In this study, we used systematic mutational scanning to analyze the functional effects of every individual amino acid change in Mpro. We developed three orthogonal screens in yeast to separate Mpro variants based on function. The first screen measures Mpro activity via loss of fluorescence resonance energy transfer (FRET) from a genetically-encoded FRET pair linked by the Nsp4/5 cleavage sequence (Figure 1a). The second screen similarly measures cleavage of the Nsp4/5 cut site; however, in this screen Mpro cleavage leads to inactivation of a transcription factor (TF) driving GFP expression (Figure 1b). The final screen leverages the toxicity of wild-type (WT) Mpro to yeast that is likely due to cleavage of essential yeast proteins, and leads to depletion of active variants during growth (Figure 1c). Following selection in the three screens, populations were subjected to deep sequencing in order to quantify function based on the enrichment or depletion of each variant.

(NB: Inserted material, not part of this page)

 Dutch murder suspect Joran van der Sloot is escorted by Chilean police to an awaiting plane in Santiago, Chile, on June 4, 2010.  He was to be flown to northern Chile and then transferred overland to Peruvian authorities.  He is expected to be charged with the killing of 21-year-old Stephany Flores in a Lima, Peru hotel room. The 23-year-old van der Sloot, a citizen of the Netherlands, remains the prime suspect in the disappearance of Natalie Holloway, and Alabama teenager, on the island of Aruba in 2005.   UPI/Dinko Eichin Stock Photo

Figure 1 with 1 supplement see all
Experimental strategy to measure the function of all individual mutations of main protease (Mpro).

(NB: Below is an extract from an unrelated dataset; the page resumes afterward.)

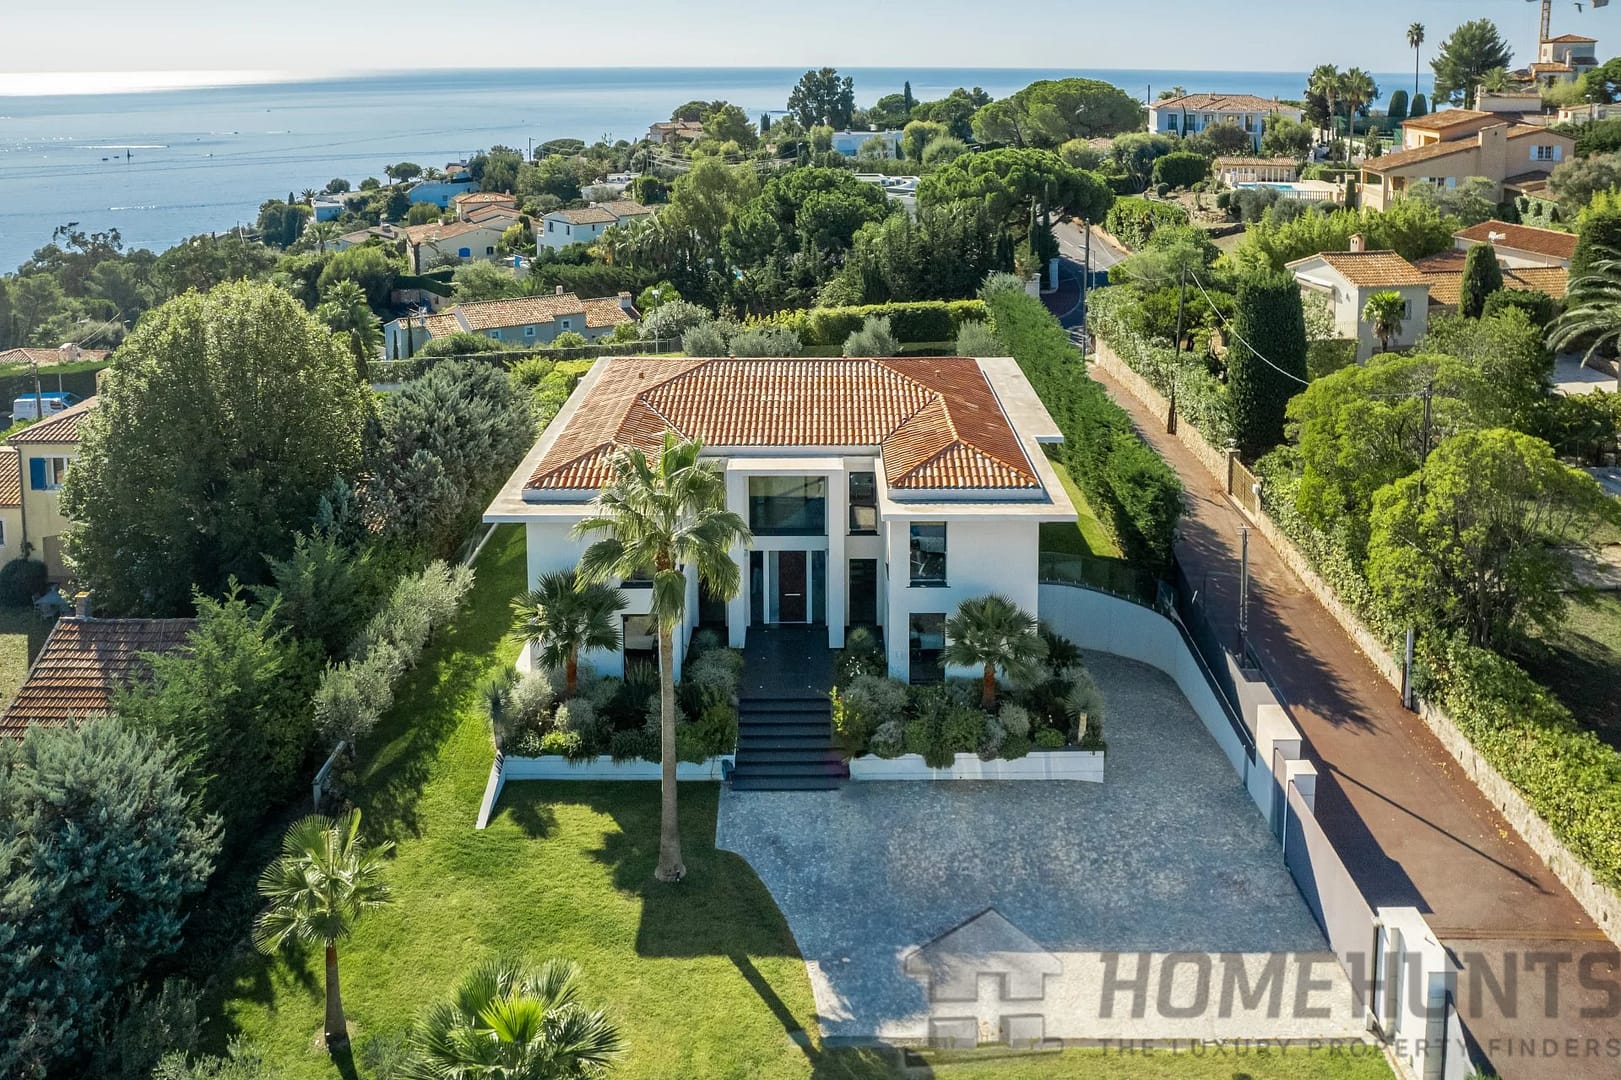 5 Bedroom Villa/House in Cannes 9

(A) Fluorescence resonance energy transfer (FRET)-based reporter screen. The Mpro variants were sorted based on their ability to cleave at the Mpro cut-site, separating the YFP-CFP FRET pair. Cells were separated by fluorescence-activated single cell sorting (FACS) into cleaved (low FRET) and uncleaved (high FRET) populations. (B) Split transcription factor screen. Mpro variants were sorted based on their ability to cleave at the Mpro cut-site, separating the DNA binding domain (DBD) and activation domain (AD) of the Gal4 transcription factor. The transcription factor drives GFP expression from a galactose promoter. Cells were separated by FACS into cleaved (low GFP expression) and uncleaved (high GFP expression) populations. (C) Growth screen. Yeast cells expressing functional Mpro variants that cleave essential yeast proteins grow slowly and are depleted in bulk culture, while yeast cells expressing non-functional Mpro variants are enriched. (D) Barcoding strategy to measure frequency of all individual mutations of Mpro in a single experiment.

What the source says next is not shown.